I've seen few questions on SO about caching sql tables but none of them seems to be exactly answering my question.
The resulting dataframe from a query (from sqlContext.sql("...")) does not seems to be cachable like a regular dataframe.
Here is some example code (spark 2.2):
import org.apache.spark.sql._
def isCached(df: DataFrame) = spark.sharedState.cacheManager.lookupCachedData(df.queryExecution.logical).isDefined
val df = List("1", "2", "3").toDF.cache
df.show
isCached(df) // 1) Here, isCached returns 'true'
df.createOrReplaceTempView("myTable")
spark.catalog.isCached("myTable")
val df2 = spark.sqlContext.sql("select value, count(*) from myTable group by value").cache
df2.show
isCached(df2) // 2) (???) returns 'false'
val df3 = spark.sqlContext.sql("select value, 'a', count(*) from myTable group by value")
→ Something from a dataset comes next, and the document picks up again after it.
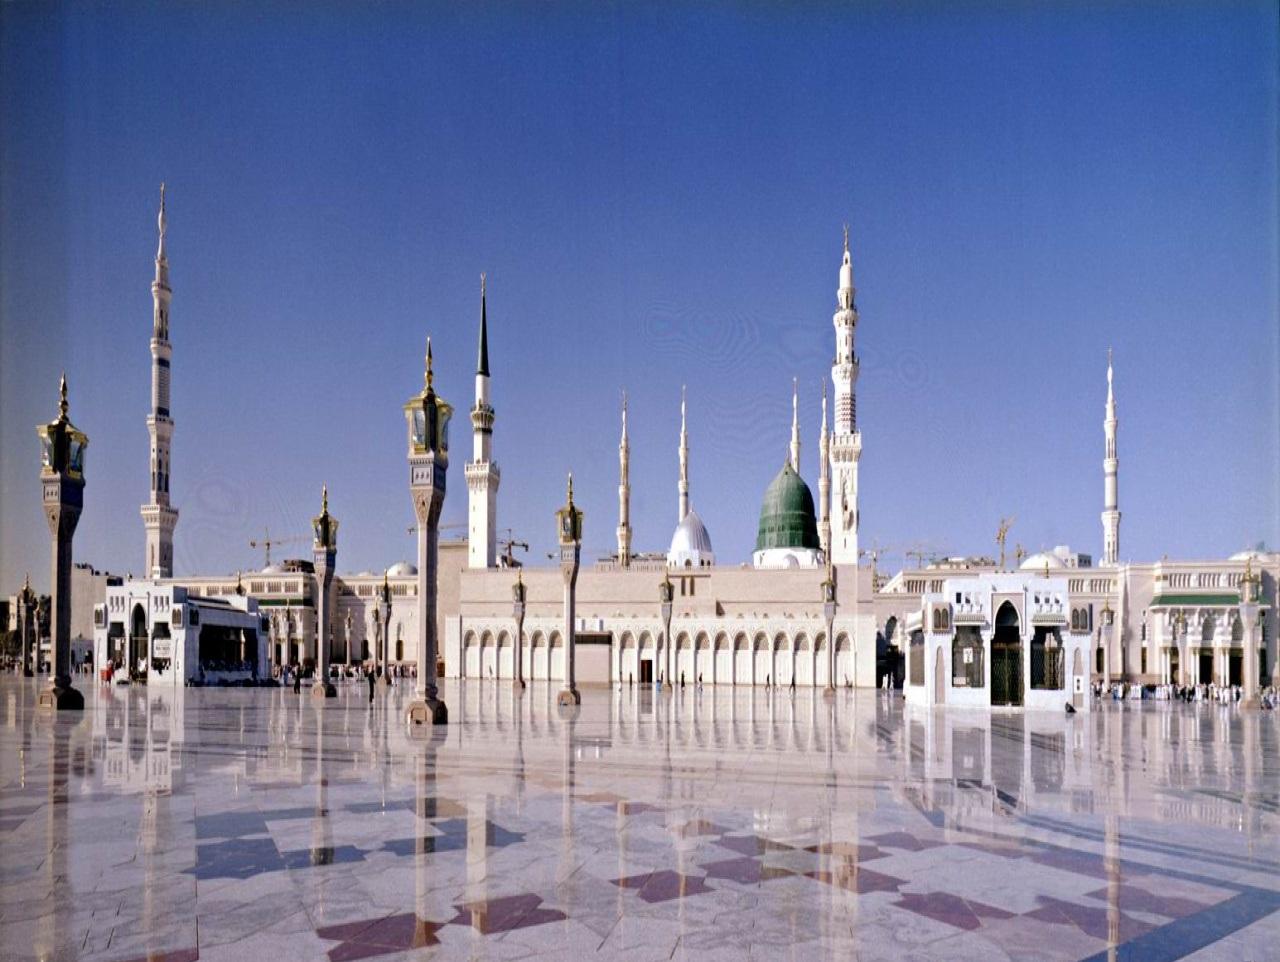 Wallpaper-HD-Blog: Roza-e-Rasool, Masjid Nabvi, Madina

df3.registerTempTable("x")
spark.sqlContext.cacheTable("x")
df3.show
spark.catalog.isCached("x") // Returns 'true'
isCached(df3) // 3) (???) Returns 'false'
spark.sqlContext.uncacheTable("myTable")
spark.catalog.isCached("myTable") // OK: Returns 'false'
isCached(df) // OK: Returns 'false'
spark.catalog.isCached("x") // 4) (???) Returns 'false'
Spark UI shows some storage associated to df2 but it seems to be tied to df. Usually, we do .cache()
followed by .count()
to materialize and then unpersist
parent dataframe when not needed anymore. In this example, when unpersisting df
, storage seen in spark UI for df2
and df3
disappear as well.
So how do we get (2), (3) or most importantly (4) to return true ?